### Assignment
The lines to reproduce from the material below are those from the one containing "Aglycemic Growth Enhances" through the one containing "Silk Pillowcase made", both included; write them out exactly and add nothing.

### Dataset records
———
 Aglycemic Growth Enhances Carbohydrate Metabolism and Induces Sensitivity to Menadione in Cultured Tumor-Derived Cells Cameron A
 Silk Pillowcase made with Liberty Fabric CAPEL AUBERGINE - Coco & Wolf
———
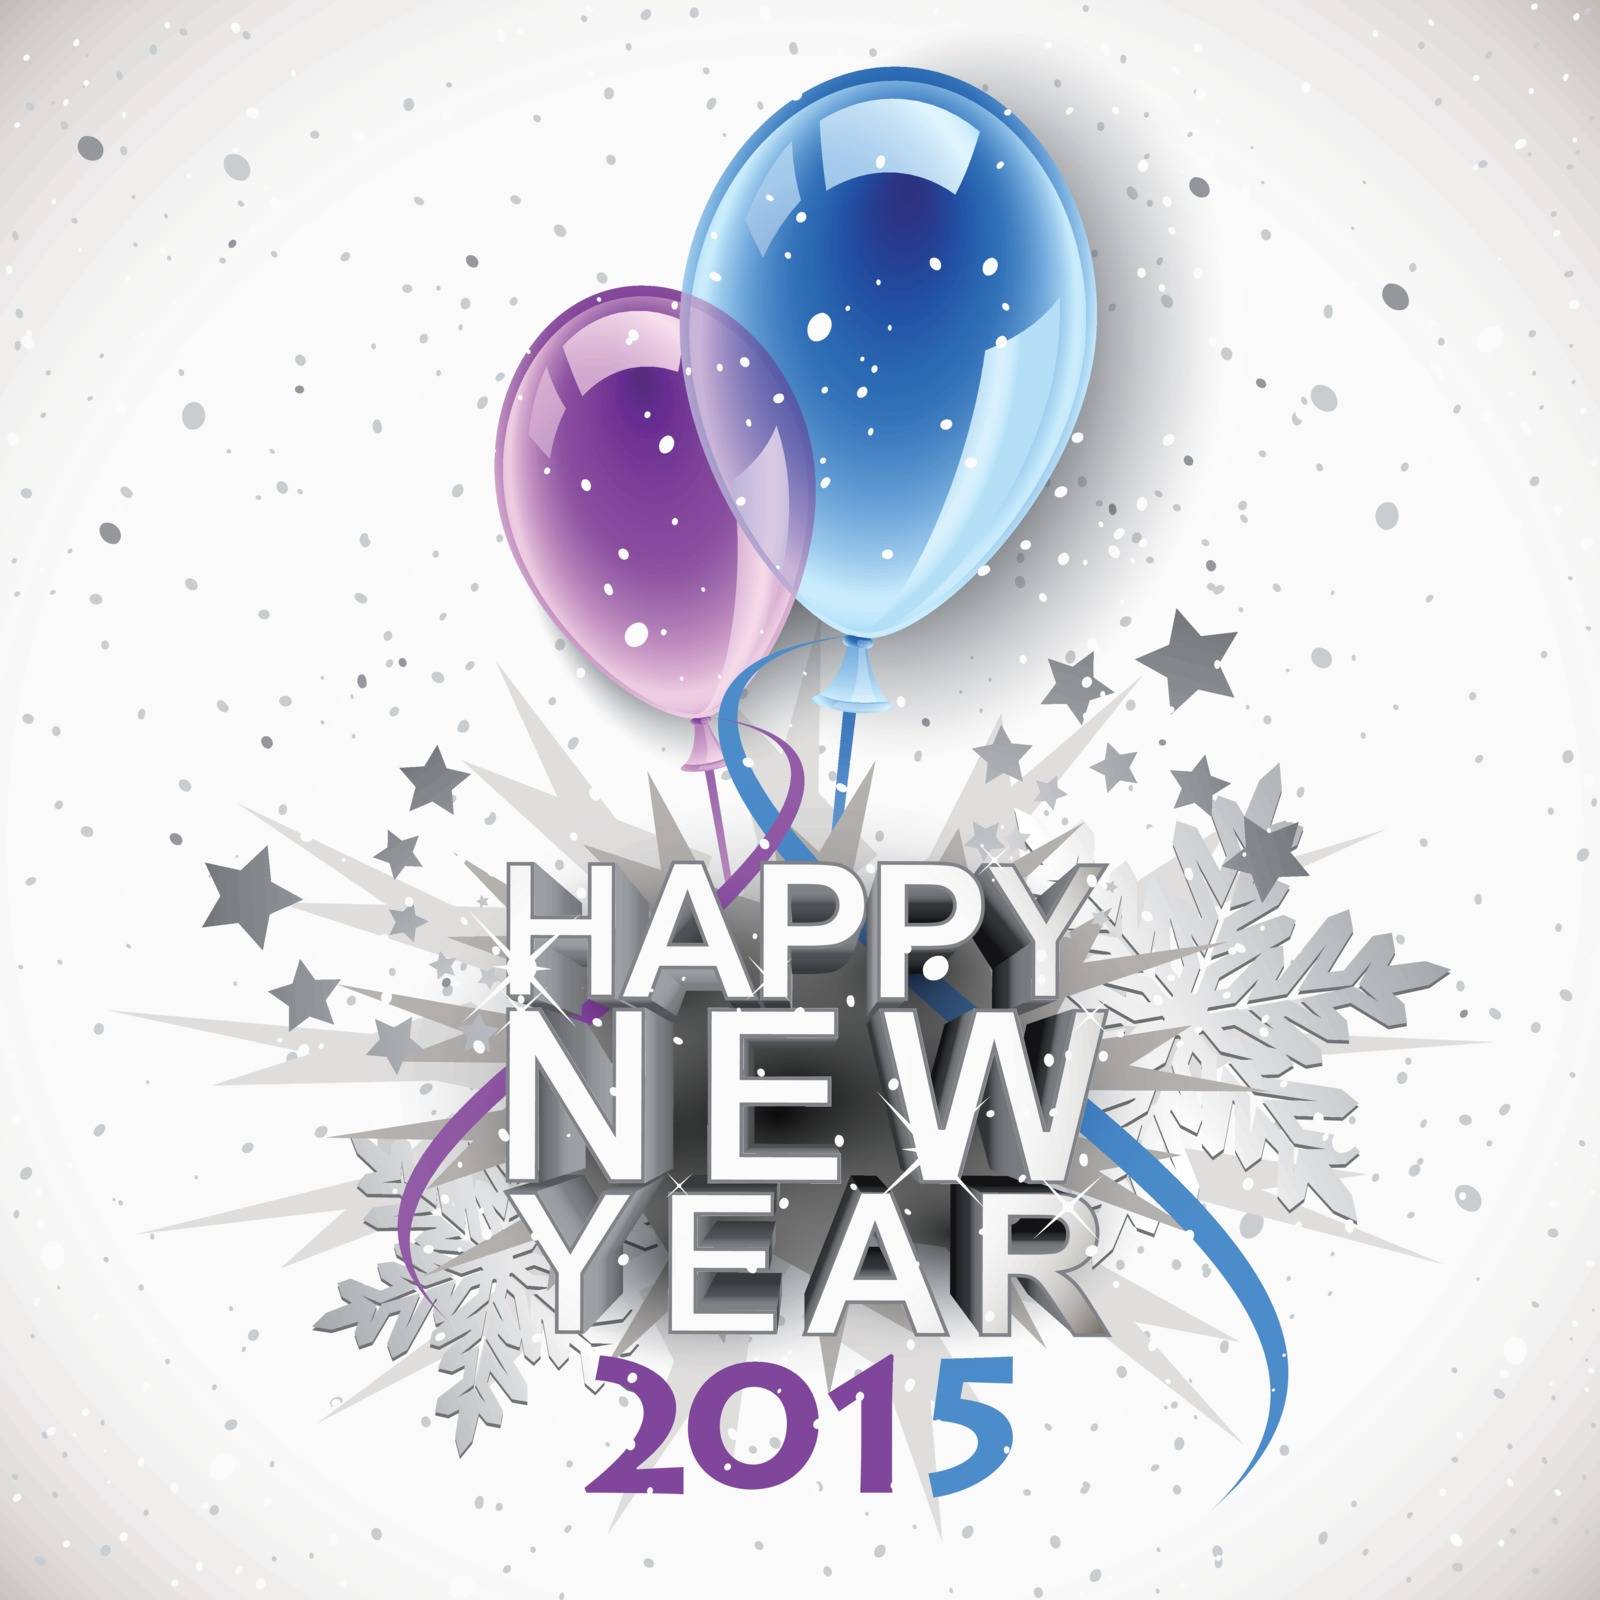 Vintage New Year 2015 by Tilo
———
### Reply to the task
 Aglycemic Growth Enhances Carbohydrate Metabolism and Induces Sensitivity to Menadione in Cultured Tumor-Derived Cells Cameron A
 Silk Pillowcase made with Liberty Fabric CAPEL AUBERGINE - Coco & Wolf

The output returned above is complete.